Just days away from Opening Day, a high percentage of Cubs fans in the greater Chicagoland area still don't know how or if they'll be able to watch their favorite team play this summer.


Upon the conclusion of their previous TV deal, one that brought Cubs' games to NBC Sports Chicago, WGN, and ABC's Chicago affiliate WLS-TV, the Cubs partnered with Sinclair Broadcast Group to create and launch their own TV network.


Since February 22, Marquee Sports Network has been available for viewing on a variety of cable providers across the Midwest, most notably DirecTV, AT&T U-Verse, and Hulu + Live TV. Yet even five months after the network's launch, the Cubs have yet to come to an agreement with Comcast, Dish and a number of other prominent carriers in the Chicagoland area. Comcast is the largest cable provider in America.


While it remains unclear at this time if Comcast will carry Marquee at any point this season (Marquee general manager Mike McCarthy remains confident that a deal will get done soon), the Cubs are rapidly approaching the eleventh hour, with their season beginning on Friday.

Apparently unable to strike a deal with YouTube, a provider that is rapidly growing in popularity in Illinois, Marquee began running ads earlier this week informing fans that YouTube TV would not be carrying the network, and urging them to switch to Hulu.


With the Cubs struggling to bring Marquee to major cable providers, the wide majority of Cubs fans are still unable to access the network. The Cubs' initial decision to end their longtime relationship with WGN and embark on a new chapter independently was immediately met with criticism from fans back in the fall of 2018. Since, there's seemingly been a series of self-inflicted missteps and clumsy misfortune that has significantly stunted the growth of the new network.


First, the branding and marketing of Marquee has shown room for improvement. The network's name is in reference to the iconic marquee sign that hangs outside of Wrigley, a spot where hundreds of fans line up for pictures each day. But when you hear the word "marquee", are the Cubs the first thing you think of? Maybe for some, but probably not. While the name is clever, the Cubs have become one of the biggest brand-names in sports, and not using the word 'Cubs' in the title feels like a missed opportunity. A name as generic as "Cubs TV" or "Cubs Corner" would get the job done and likely be more effective and recognizable to the customers. I'll often make reference to Marquee in conversations with Cubs fans, and even now, half of the time fans don't know what Marquee is. By naming the channel "Marquee", the Cubs now have to build an entirely new brand name and develop brand recognition, rather than benefiting from an already well-established moniker.

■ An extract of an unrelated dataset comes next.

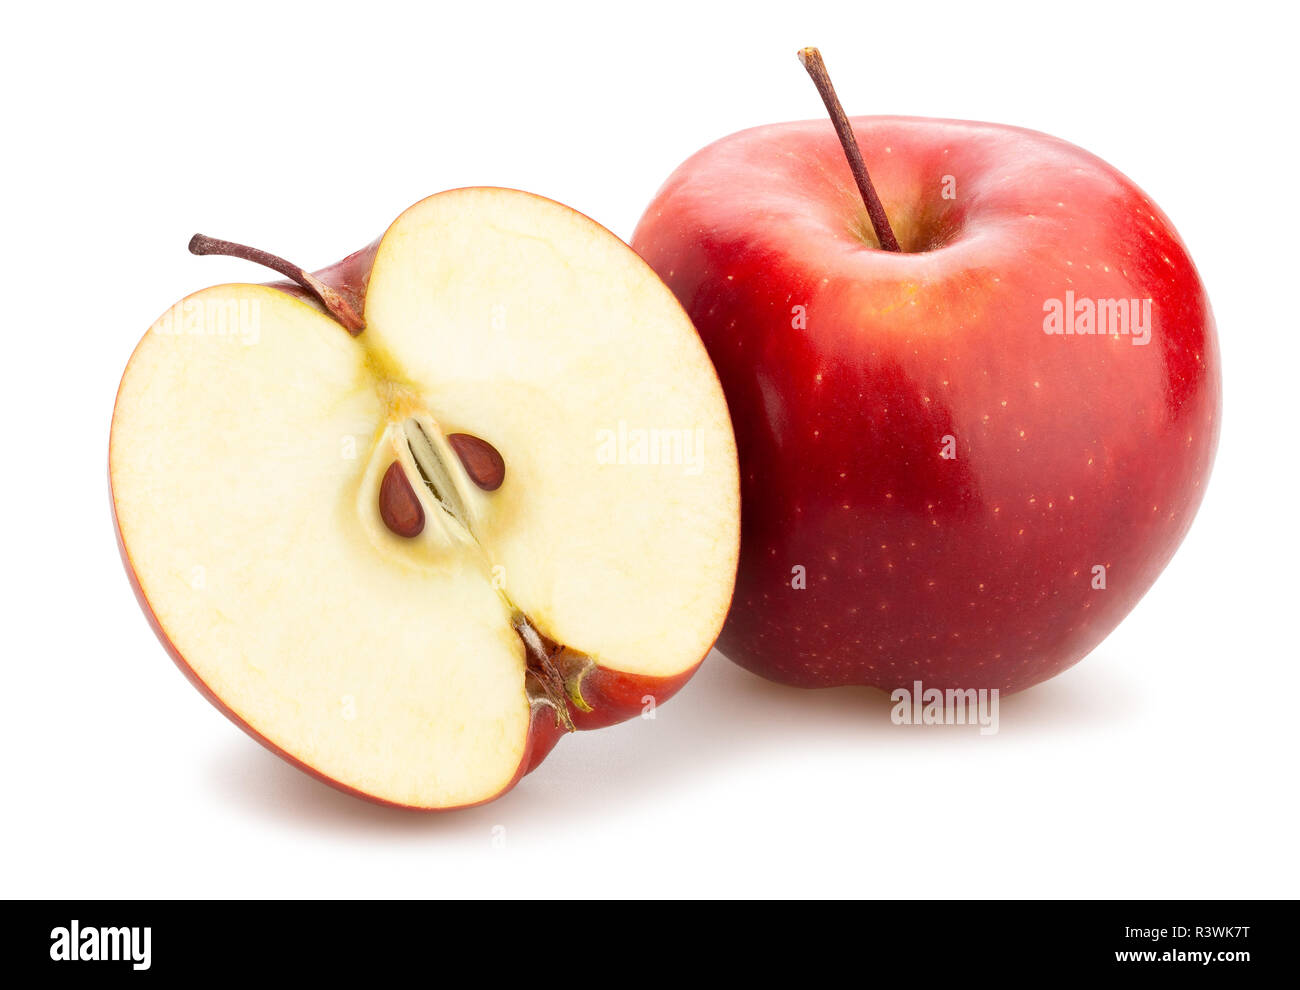 Red Apple Fruit with Slice and Green Leaf Isolated on White Stock Image -  Image of chopped, objects: 117149257

Upon the conclusion of the 2019 season, fans longingly waited for details of the upcoming network, many of whom searching for answers to crucial questions. How can we purchase the new network? What will it cost? Will we need to change our cable provider in order to access it?


The holidays rolled around, and still no answers to these questions. Not presenting information to the fans by the holidays was another missed opportunity. Imagine all of the fans that would purchase Marquee for their loved ones as Christmas presents, when people are in the spirit of gift-giving and buying things. Instead, nothing was announced until Cubs Convention in January, just one month out from the launch of the network. When Tom Ricketts took the stage to discuss the network, he was met with boos, a cruel greeting to the organization's first World Series-winning owner since Albert Spalding owned the club at the dawn of the 20th century.


In general, it takes a while for people to accept change. More so, people don't like paying for things they didn't have to pay for previously. In order to alter a negative reaction from the collective fan base, the Cubs should have highlighted the many positives that Marquee would bring.


ESPN made a similar move in spring 2018, pulling many of its features from the free ESPN3 service, and requiring a $5.99/month threshold to access many of the same features on the new ESPN+. While ESPN was now requiring payment for items that were previously free, it was able to create a great deal of buzz by showcasing the many new features that would come with ESPN+, including new, exclusive shows and films, and a robust on-demand library.


While Marquee does air new and exclusive programming in addition to live games, the network hasn't marketed itself well enough to generate buzz from the public. Most fans don't even know what the network offers aside from live games. What if, the Cubs built a show around Anthony Rizzo, where his experiences on road trips were highlighted, similar to ESPN+'s Peyton's Places? Rizzo could travel from city to city, take the viewers to local restaurants and sites, meet up with friends from other ball clubs, and detail each road team's unique ballpark. What if Marquee had a Hard Knocks-type show that gave Marquee subscribers behind-the-scenes access to the team that couldn't be found elsewhere? What about 30 for 30-type exclusive documentaries about historic Cubs players, games and moments? Wouldn't some of these programs wet the fans' appetite in ways the network hasn't been able to successfully do yet?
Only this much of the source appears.